My version of Daz Studio is 4.22.0.19 (general release).
Thanks for the information. Very interesting. I will try smoothing different hairs on the same figure with no collision objects and see the results. And will do comparisons with the default smoothing angle for strand-based hairs and setting it to 180º.
Yea, it's not really necessary to check CPU in Devices list but again, if you don't want any Fallback to CPU, just uncheck Allow CPU Fallback. Then when running out of VRAM, the engine will just stop GPU rendering instead of bringing you very slow CPU rendering.
But I also notice that you set 16384 in both Texture Compression Thresholds, which means there'll be no Medium and High texture compression at all when rendering unless there're >16K texture maps in your scene. So just pay attention when you render big scenes with lots of texture maps < 16K.

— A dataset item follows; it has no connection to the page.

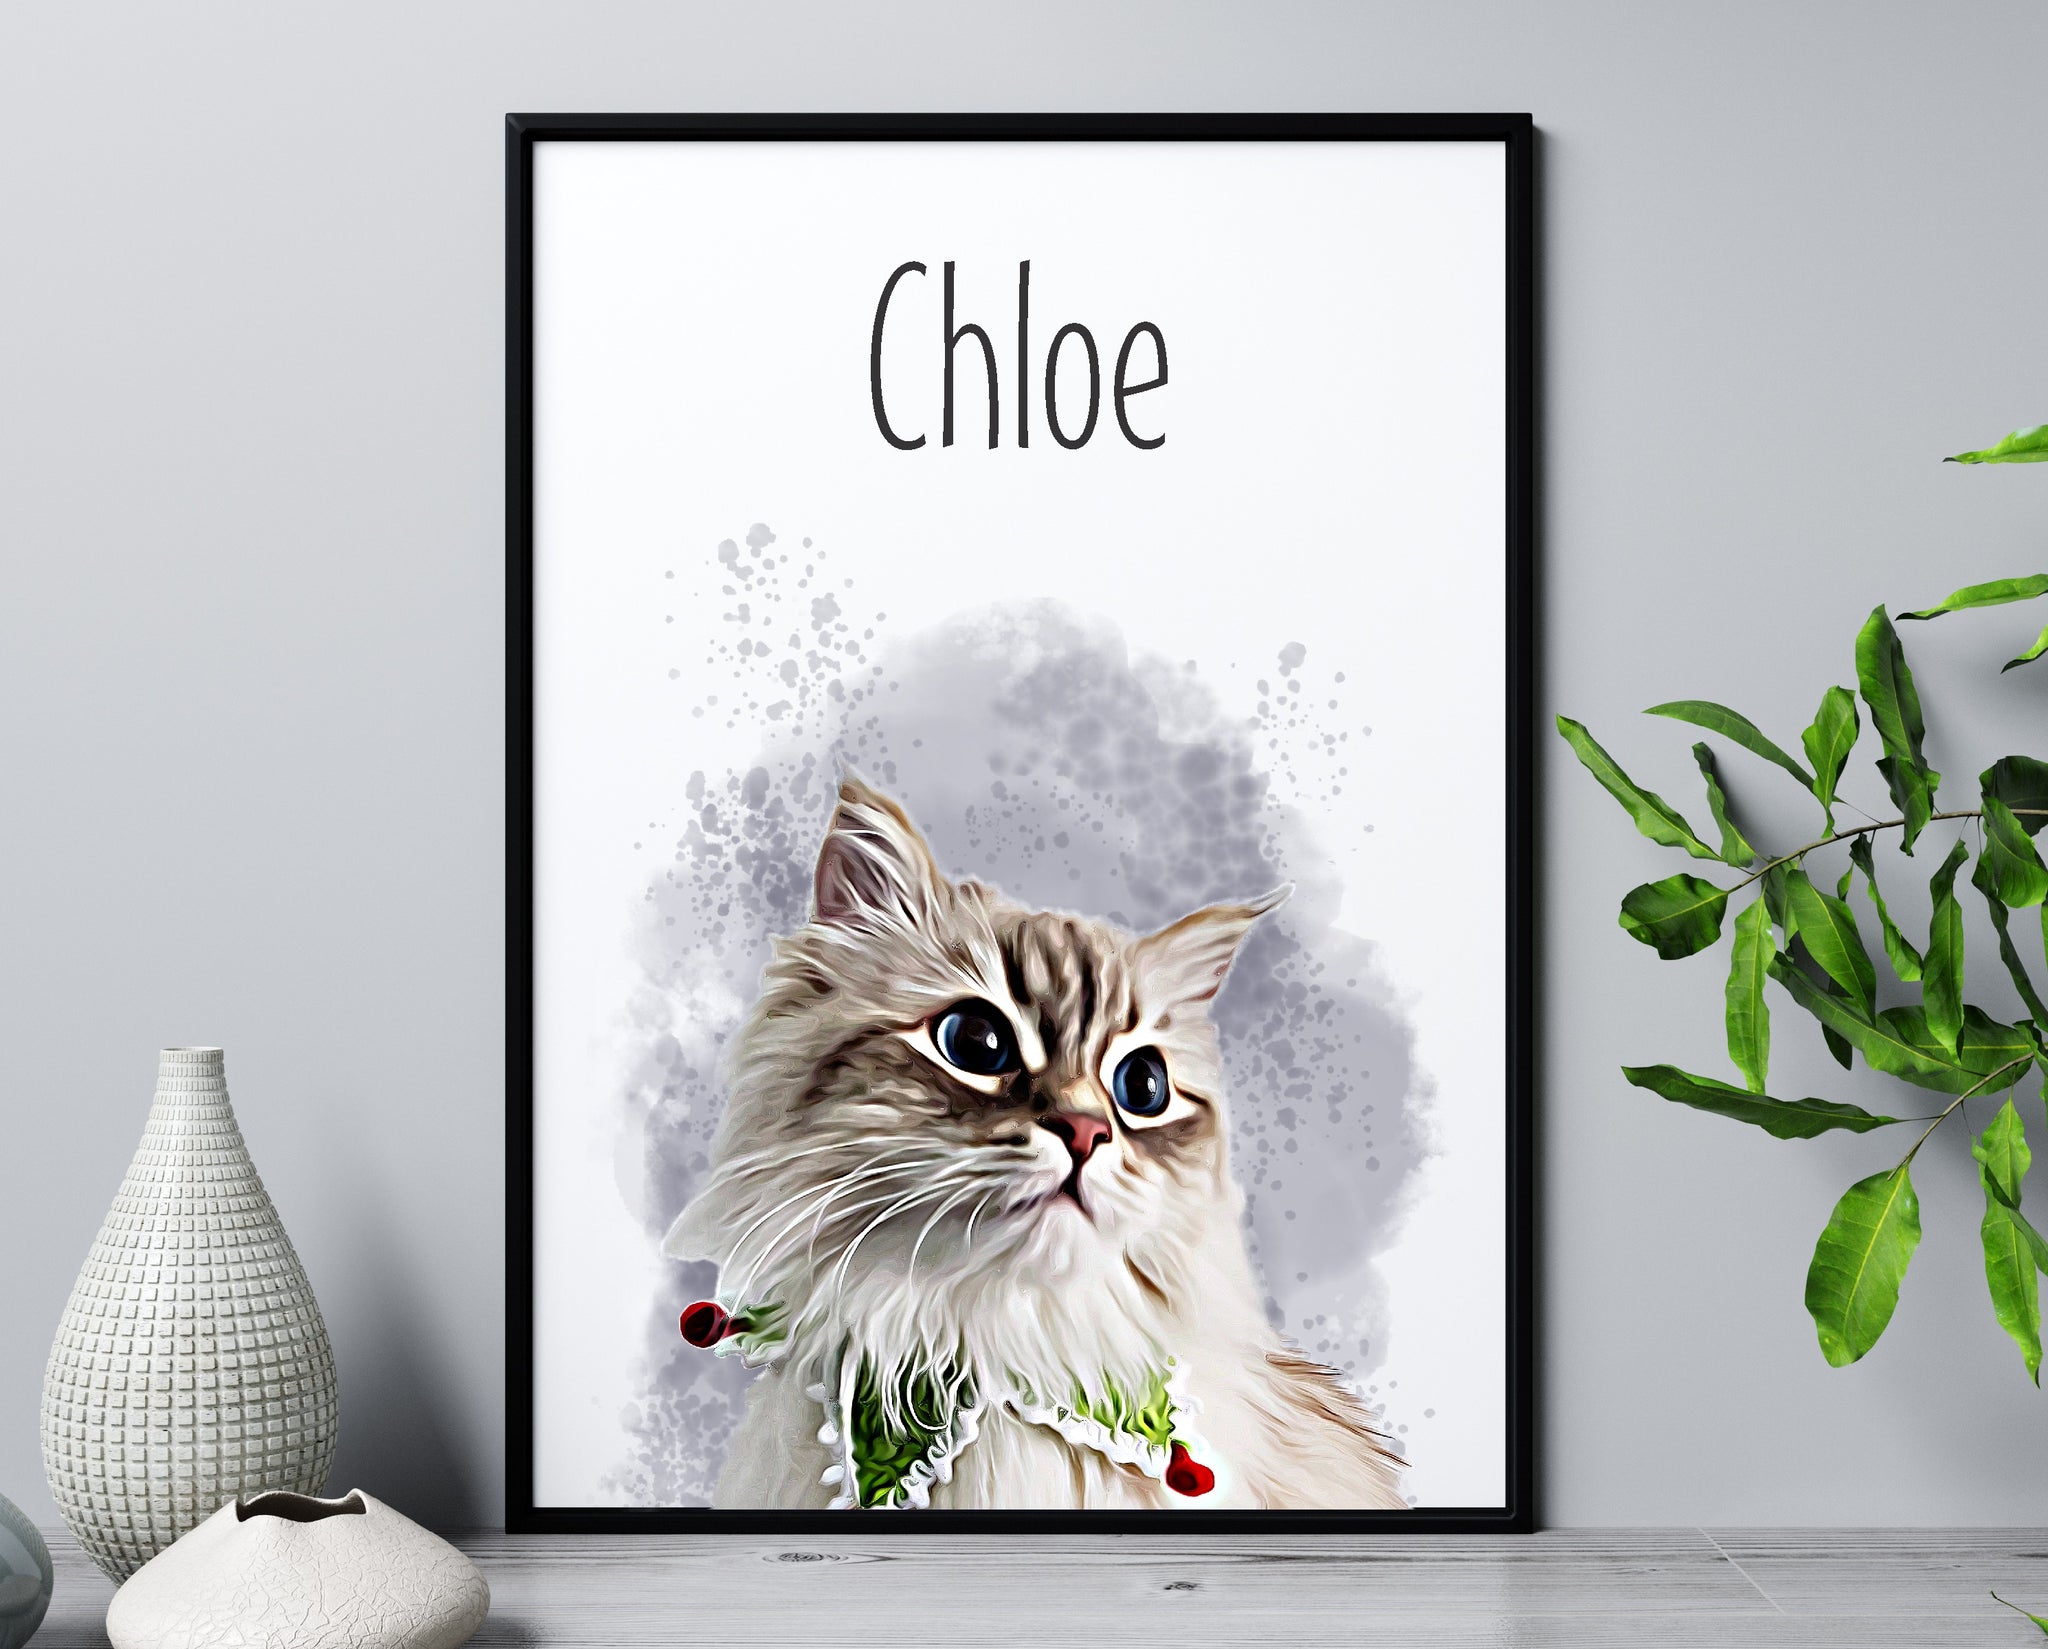 cat pet portrait painting or watercolor printed on a canvas with a splatter background and the cat's name 
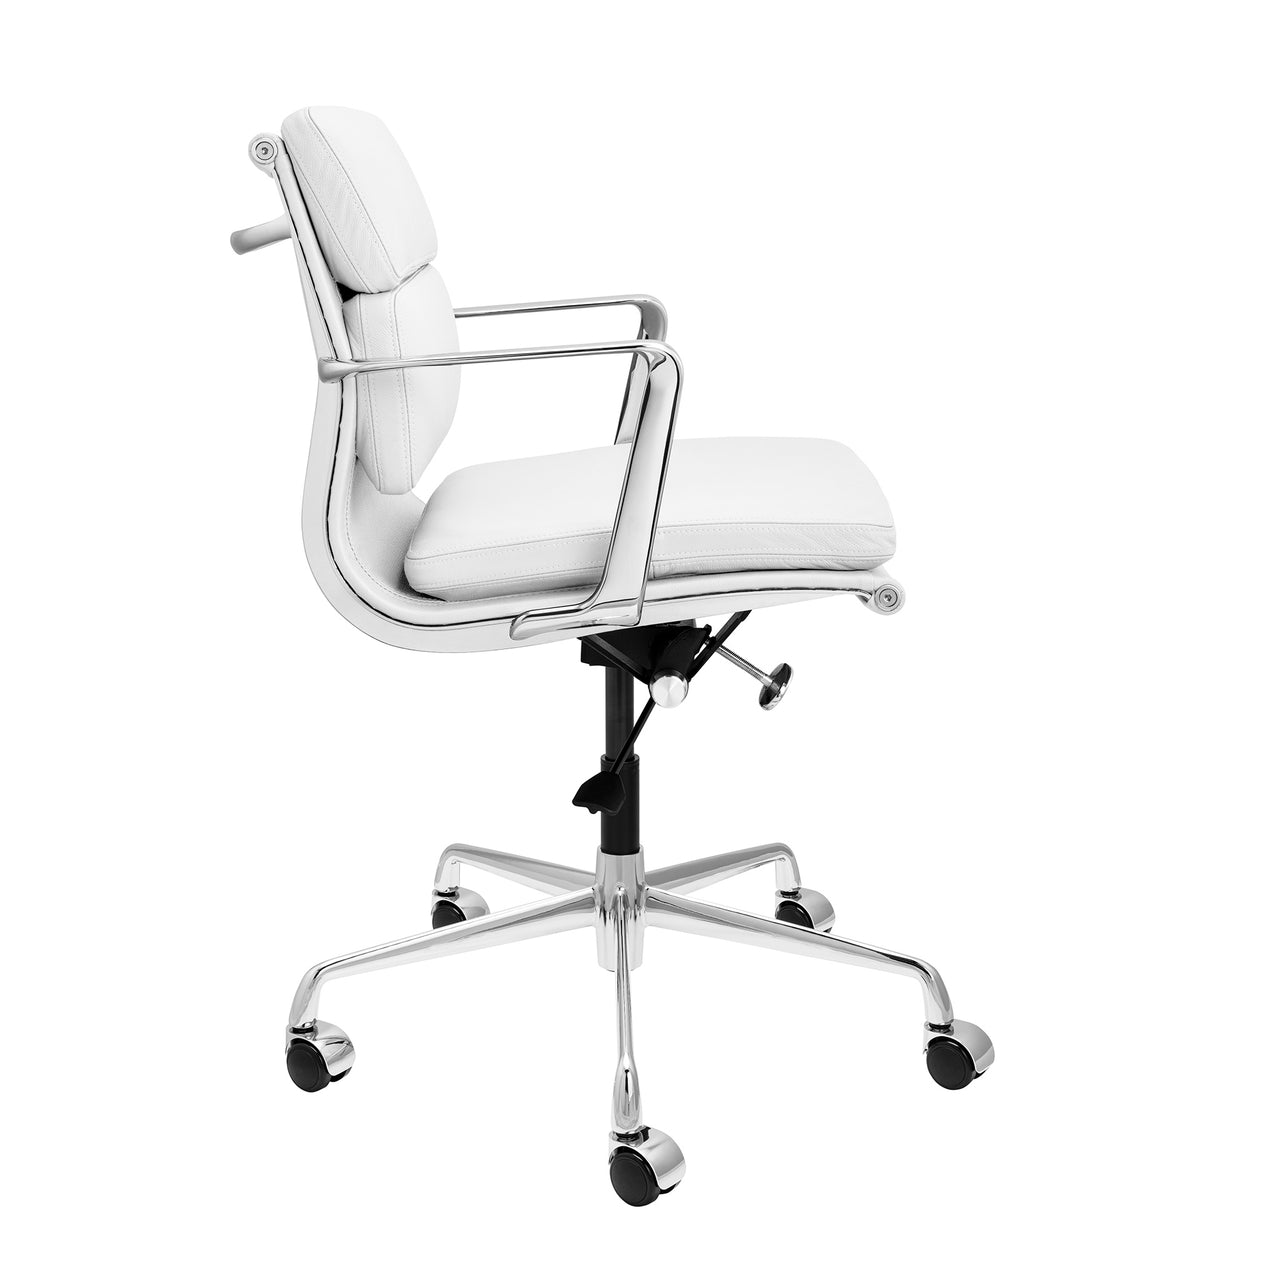 Pro Soft Pad Management Chair (White Italian Leather)

Thanks again, crosswind. For the time being, I will let 'Allow CPU Fallback' enabled. I don't think I will find scenarios where the GPU fails for whatever reason very frequently anyway.
And yes, you're right, when I started using Daz I read a lot of tutorials at the Renderguide website and there I read the recommendation to set the texture compression as loose as the GPU allows in Daz Studio, so that textures wouldn't get accidentally compressed. As a noob, I didn't give it much thought and simply followed the recommendation. I'm just a hobbyist anyway and I'm not doing anything for anyone else in Daz, and I usually don't go for really heavy scenes.
One thing that I noticed not long ago in one scene I rendered is what I explain next. I had the female figure very close to a wall that served as the background and the texture of this wall looked really bad; it had poor definition. So I upscaled the texture of that wall in the background X6 with Topaz Gigapixel. The resulting texture map was 20384 x 20384 pixels or something very similar to that figure. When I loaded the modified texture map in Daz, I saw that it wouldn't render. I guess that the upper limit of 16384 that I can set for the texture compression with my card in Daz also means that my card won't read textures bigger than that.
Haha ~ I ever did the same thing with Gigapixel but to 8K at most ~
No problem ~ Happy rendering !
A little late to the discussion, but sometimes I find the rendering slowing down if I haven't restarted Daz in a while. Sometimes restarting Daz and/or the pc does improve things. Seems like continued usage chips away at available vram and you need to start with a clean slate.
I agree. Sometimes, restarting at least the application can help liberate resources. I believe that I experienced that here in fact, as I expressed in the first post.